HMUN rolled the empowerment initiative program out in January and has been consistently cleaning neighborhoods in the Hickman Mills are every Saturday, so long as mother nature cooperates.

Usually lasting for around four hours, the youth who participate not only get to see the added value of having a clean area to call home, but it also comes with a financial incentive as well.

For their time, the kids make $15 per hour. Considering the minimum wage in Missouri is $13.75 per hour, and Kansas’ plummeting to $7.25, it’s an investment both in and for the neighborhood’s children, that bodes to pay well in its returns.

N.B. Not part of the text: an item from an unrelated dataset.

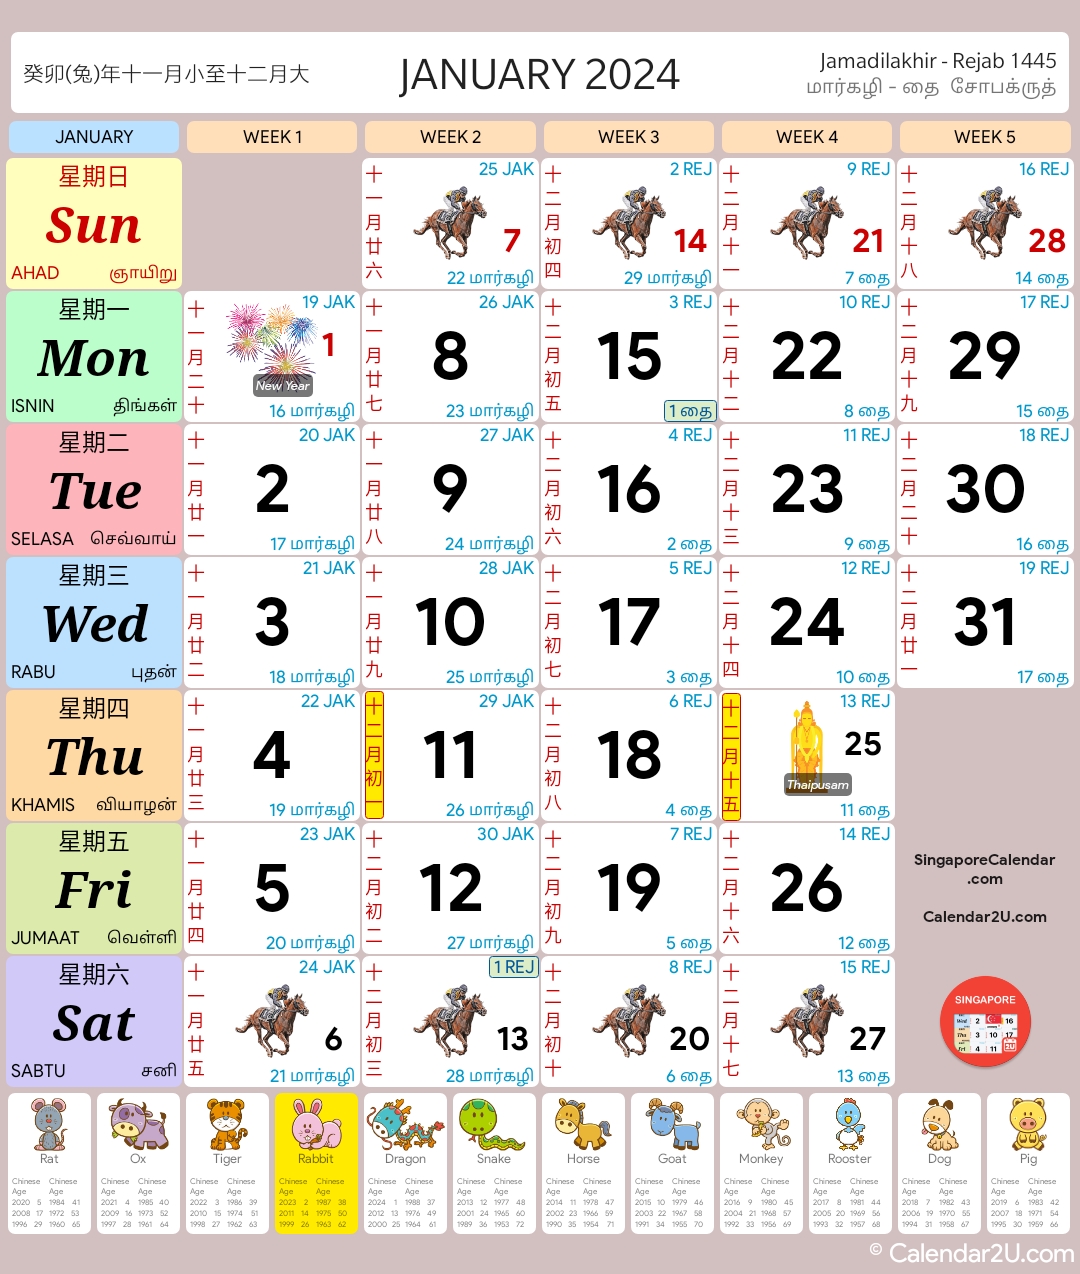 Singapore Calendar Blog
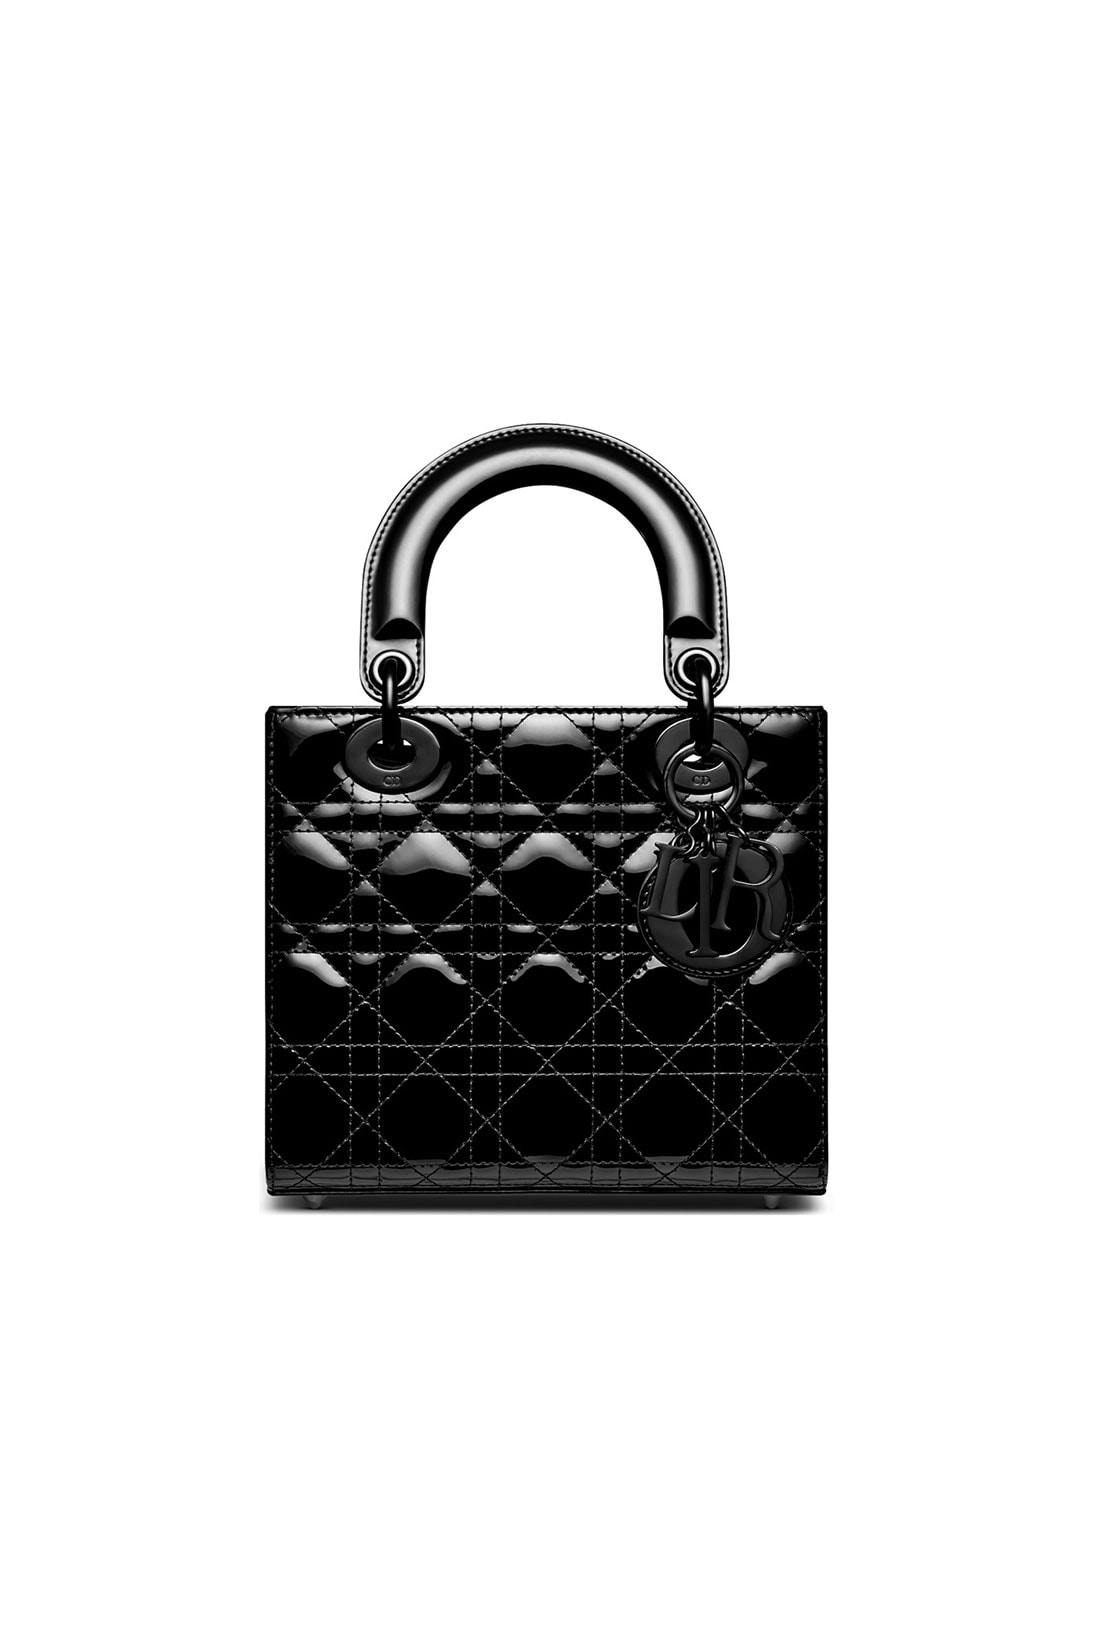 Lady Dior Ultra Glossy Handbag Black Maria Grazia Chiuri Small

The program does more than just throw money at kids to do menial labor. Thompson and HMUN have weaved more than picking up trash and refuse into these cleanup excursions.

By bringing together a wide variety of kids, from an even more varied array of backgrounds, Thompson and HMUN are trying to build better, more accepting, open-minded individuals.

“Everyone isn’t a classmate,” Thompson said. “Some people are in private schools; some people are in public schools. They’re all giving each other advice, talking to each other and communicating with each other and sharing their life experiences.”

HMUN cleanup team members help clean a roadside

Thompson added that one of the goals of the program is the socialization experience of being surrounded by people from all walks of life, noting that the ever-present specter of Social Media – and its effects on social skill development – are both noted and challenging.

“Technology is a blessing and a curse,” Thompson said. “It’s about showing them that what you say can offend someone. Or, what you say, can uplift someone’s day for the rest of the day.

“I tell them ‘Say hello, good morning, and ask someone how they’re doing,’ every day because sometimes nobody has ever asked them ‘How are you?’”

These soft skills, ones that are becoming both necessary and increasingly attractive to employers, is part of the bigger picture for HMUN. For kids old enough to start looking for their first job, Thompson aids those students with helping them get that first job and opening the first of many doors that occupy the pathway to professional stability.

Now with additional funding keeping the program going, the one thing HMUN will also continue to need is places to clean up.

Thompson said the majority of recommendations so far have come from the monthly meetings at the Mid-Continent Public Library—Blue Ridge Branch on the last Monday of each month. However, those with recommendations can reach out via Facebook or through hmunited.org.

Treasure can be found among trash in more ways than just one. It may not be a diamond ring one of the kids picks up, but instead, a lesson that may be altogether more valuable:

Give back to your community, it will give back to you.

“They can help improve our neighborhood or be a part of the neighborhood and feel like ‘This is my home so let me take pride in what I do have,” Thompson said. “It’s teaching them about jobs, and school and the neighborhood…and what they can achieve.”